В том-то и дело. В нее сейчас мало кто верит. Ей удалось увести нас в сторону от тропы осмысленной жизни. А ведь когда-то мы знали, как жить. Мы шли по этой тропе. Бабушка рассказывала мне об этом – до того, как она вернулась домой, на звезды. Она рассказывала мне и о Двуликой женщине. Я считала, что она просто придумывает эти истории. Тропа давно поросла травой – но мне все равно следовало слушать бабушку.
Может быть, тропы больше нет, но Двуликая женщина есть – прямо здесь и сейчас. Мы больше не узнаём ее, поэтому она прибирает к рукам нас всех. В прошлом она преследовала мужчин. Она искушала их, дразнила томным взглядом и отблеском света на темных волосах. Но наши предки хорошо знали рассказы о ней. Они находили в себе силы не идти за Двуликой женщиной. А мы широко раскрываем ей объятия, потому что позабыли все то, во что они верили.

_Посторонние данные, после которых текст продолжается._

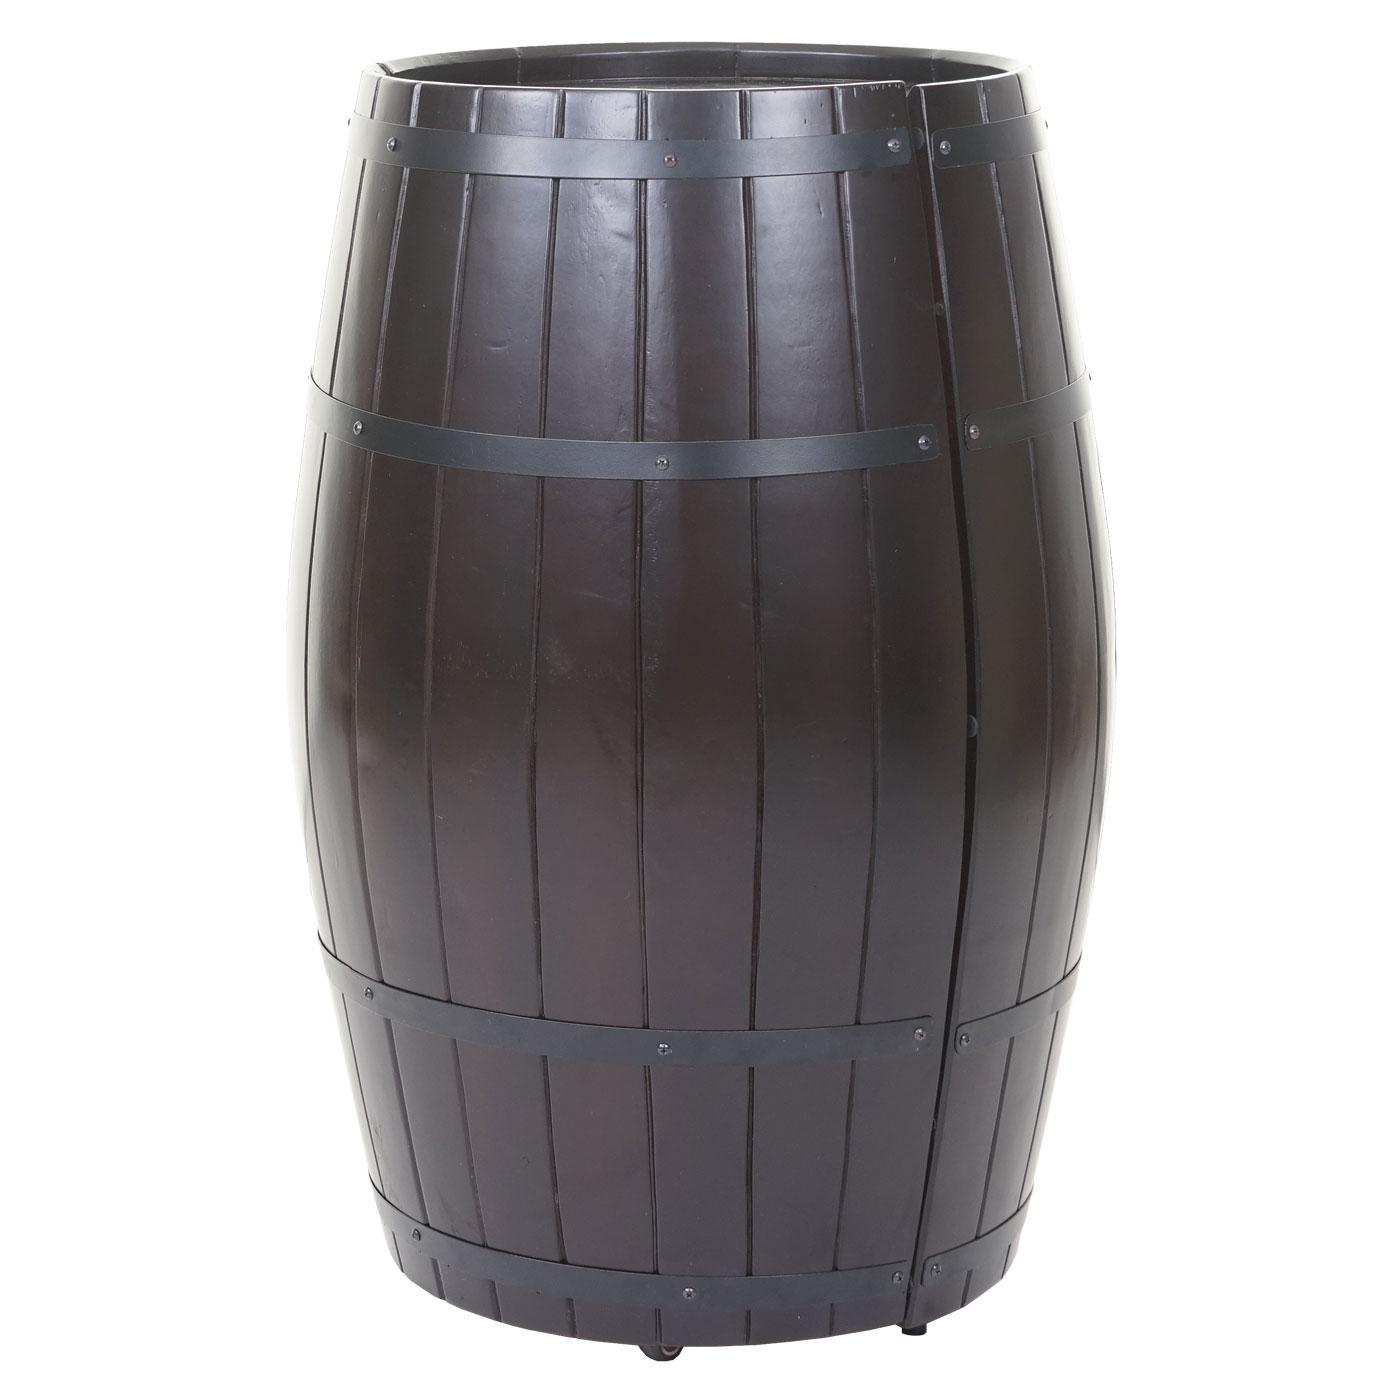 weinregal flaschenregal fass holzregal 85x52x52cm 23 flaschen. Black Bedroom Furniture Sets. Home Design Ideas

Она была самой красивой женщиной на земле – так гласит легенда – и слишком гордилась этим. Она попыталась обольстить солнце, что светит в небе, и поплатилась за это. Половина ее прекрасного лица стала уродливой. Но это не остановило ее. Она прошла насквозь тополиные рощи и широкие равнины. Теперь она идет через небольшие городки, когда-то возникшие на месте колодцев, где караваны фургонов пополняли запасы воды. Она чувствует себя как дома в больших городах, в предместьях, в гетто. Проникая всюду, она прельщает нас всех. Она стала всеобщей проблемой. Двуликой женщине удалось то, что не удалось нам: она сокрушила все барьеры и границы, установленные цветом кожи, социальным положением и религиозным мировоззрением. Неплохо для забытой легенды. Я бы посмеялась, но, к сожалению, в этом нет ничего забавного.
Она добралась до меня давным-давно. Тогда я была еще девчонкой. Прогуливала школу, болталась по улицам с друзьями, двоюродными братьями и сестрами – беспечная, как все дети. В тот день была такая жара и время текло так медленно. Мы играли со старым, истрепанным садовым шлангом. Может быть, если бы я не обратила на нее внимания, она бы так и прошла мимо. Но я смотрела на нее во все глаза. У нее было все, чего не было у меня. Она была темной, словно земля, а волосы у нее были черные-пречерные, словно беззвездная ночь. Она обернулась и посмотрела на меня – искоса, как будто обещая что-то. И я попалась на крючок.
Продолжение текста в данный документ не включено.